In order to compute two vectors’ cosine similarity, they need to be the same length. How can I do this here? Could something as naive as first summing across axis=1 still work? What other options do I have?
Answers:
You can use the [CLS] token as a representation for the entire sequence. This token is typically prepended to your sentence during the preprocessing step.
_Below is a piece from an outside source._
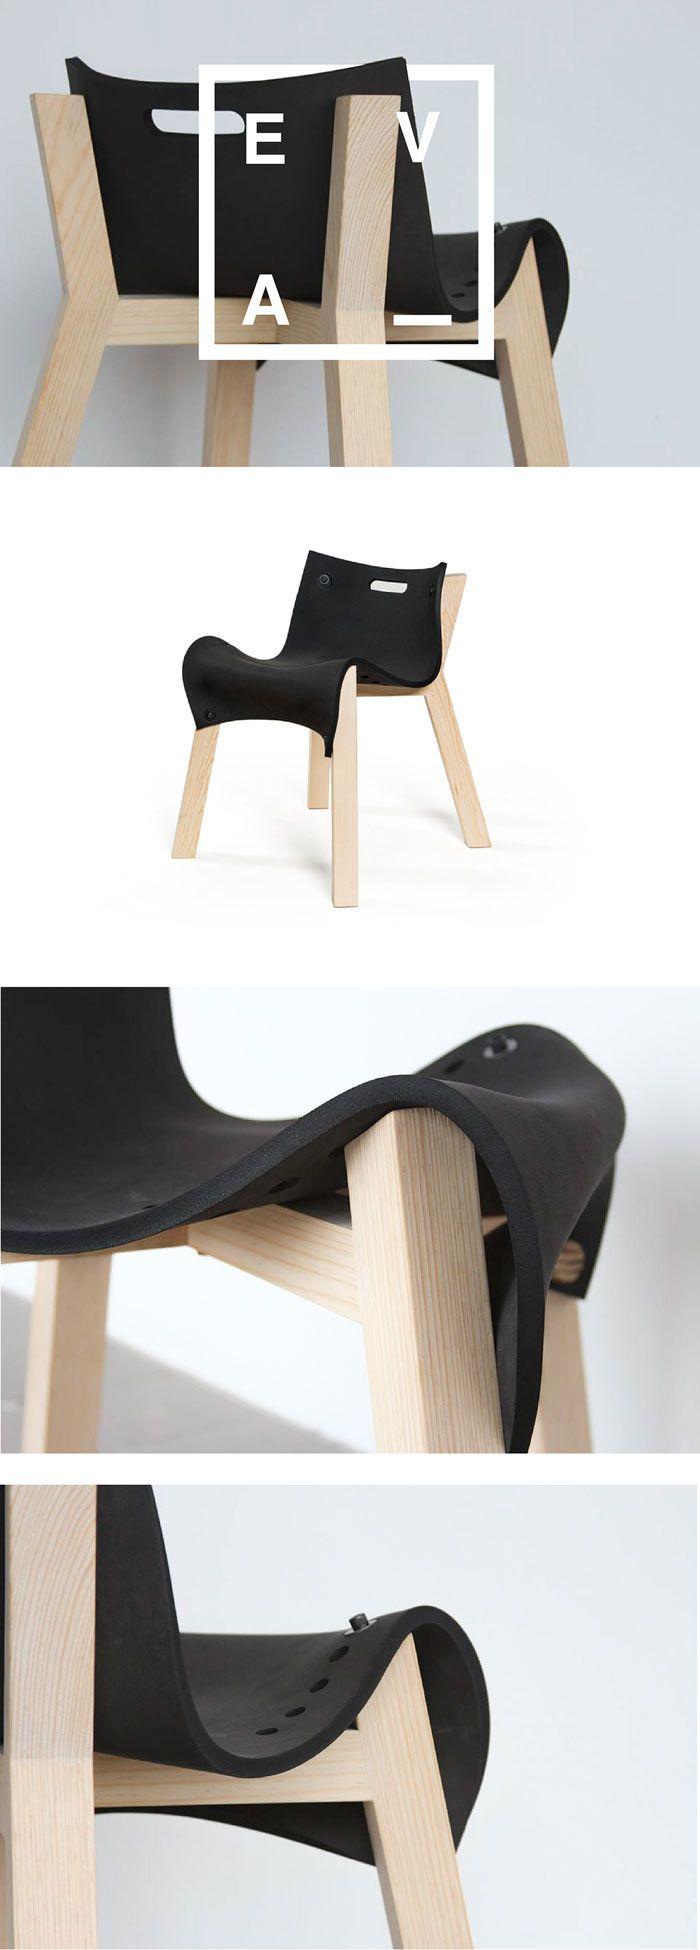 La Eva, Chair Design by David Ortiz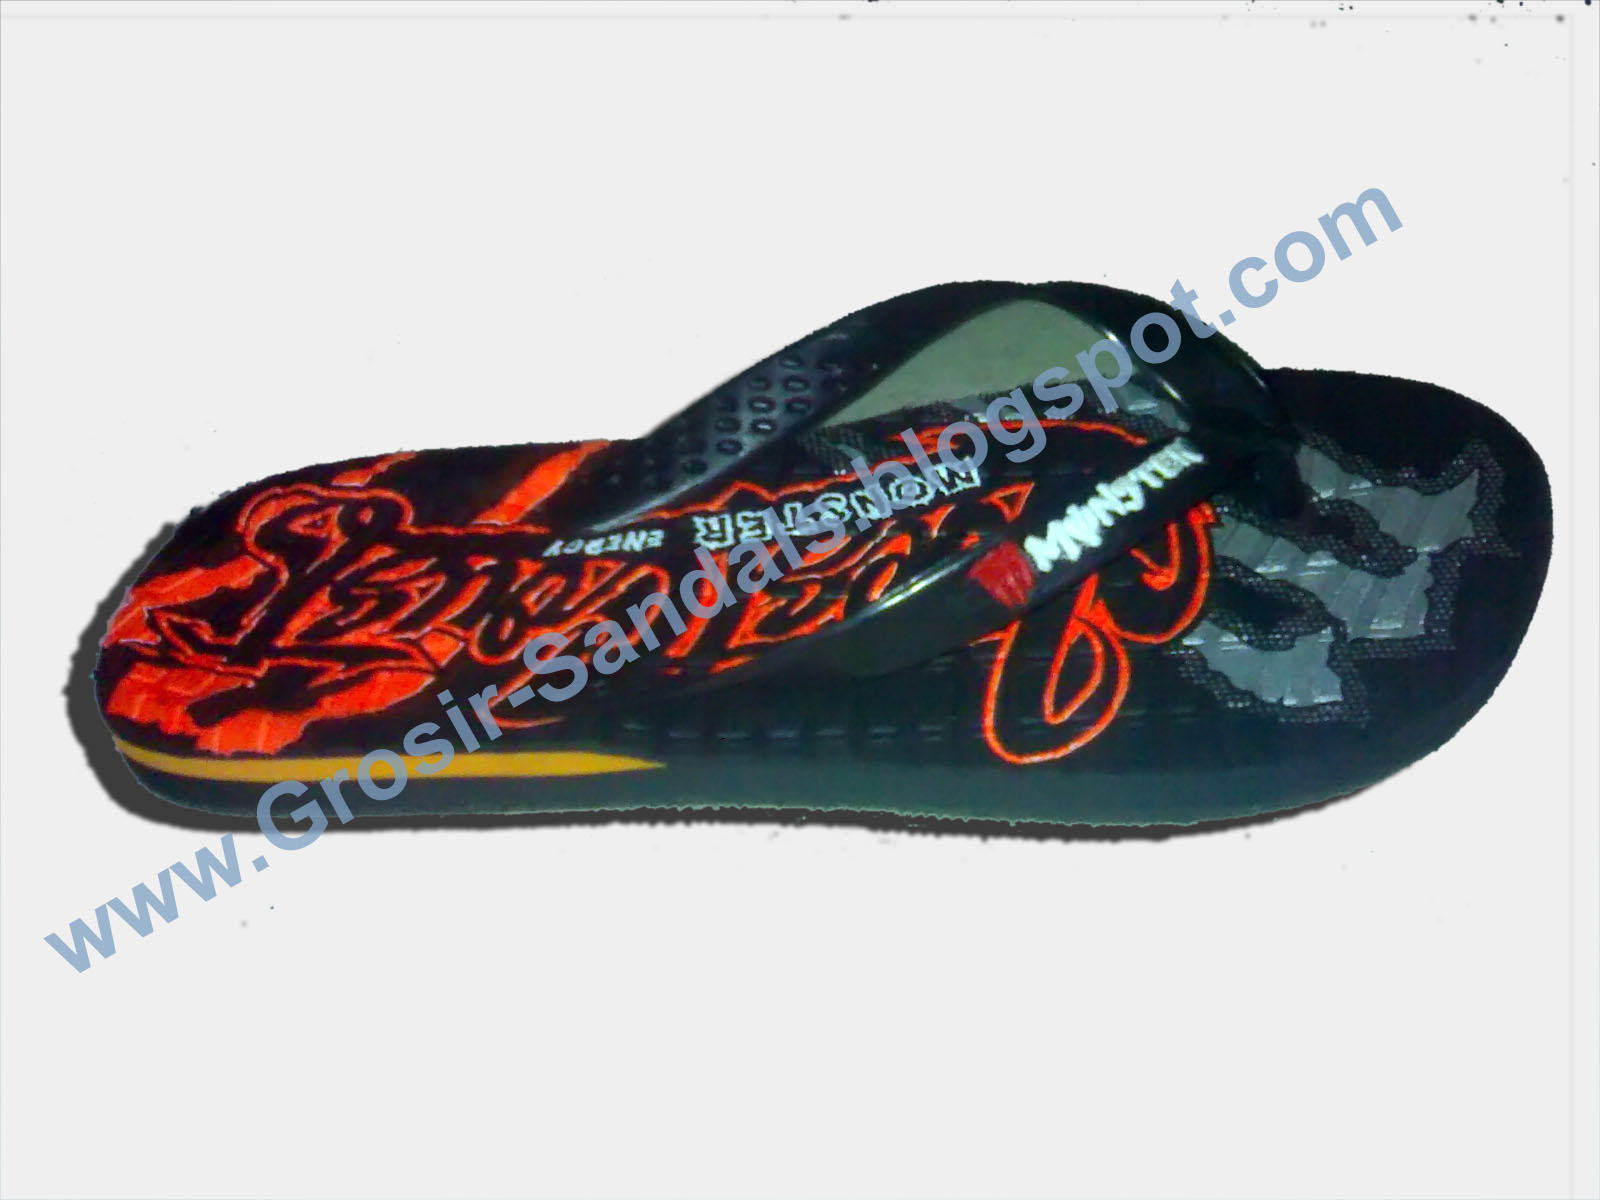 Agen Sandal Grosir Sandal Jual Sandal Pabrik Sandal

This token that is typically used for classification tasks (see figure 2 and paragraph 3.2 in the BERT paper).
It is the very first token of the embedding.
Alternatively you can take the average vector of the sequence (like you say over the first(?) axis), which can yield better results according to the huggingface documentation (3rd tip).
Note that BERT was not designed for sentence similarity using the cosine distance, though in my experience it does yield decent results.
In addition to an already great accepted answer, I want to point you to sentence-BERT, which discusses the similarity aspect and implications of specific metrics (like cosine similarity) in greater detail.
They also have a very convenient implementation online. The main advantage here is that they seemingly gain a lot of processing speed compared to a “naive” sentence embedding comparison, but I am not familiar enough with the implementation itself.
Importantly, there is also generally a more fine-grained distinction in what kind of similarity you want to look at. Specifically for that, there is also a great discussion in one of the task papers from SemEval 2014 (SICK dataset), which goes into more detail about this. From your task description, I am assuming that you are already using data from one of the later SemEval tasks, which also extended this to multilingual similarity.
You should NOT use BERT’s output as sentence embeddings for semantic similarity. BERT is not pretrained for semantic similarity, which will result in poor results, even worse than simple Glove Embeddings. See below a comment from Jacob Devlin (first author in BERT’s paper) and a piece from the Sentence-BERT paper, which discusses in detail sentence embeddings.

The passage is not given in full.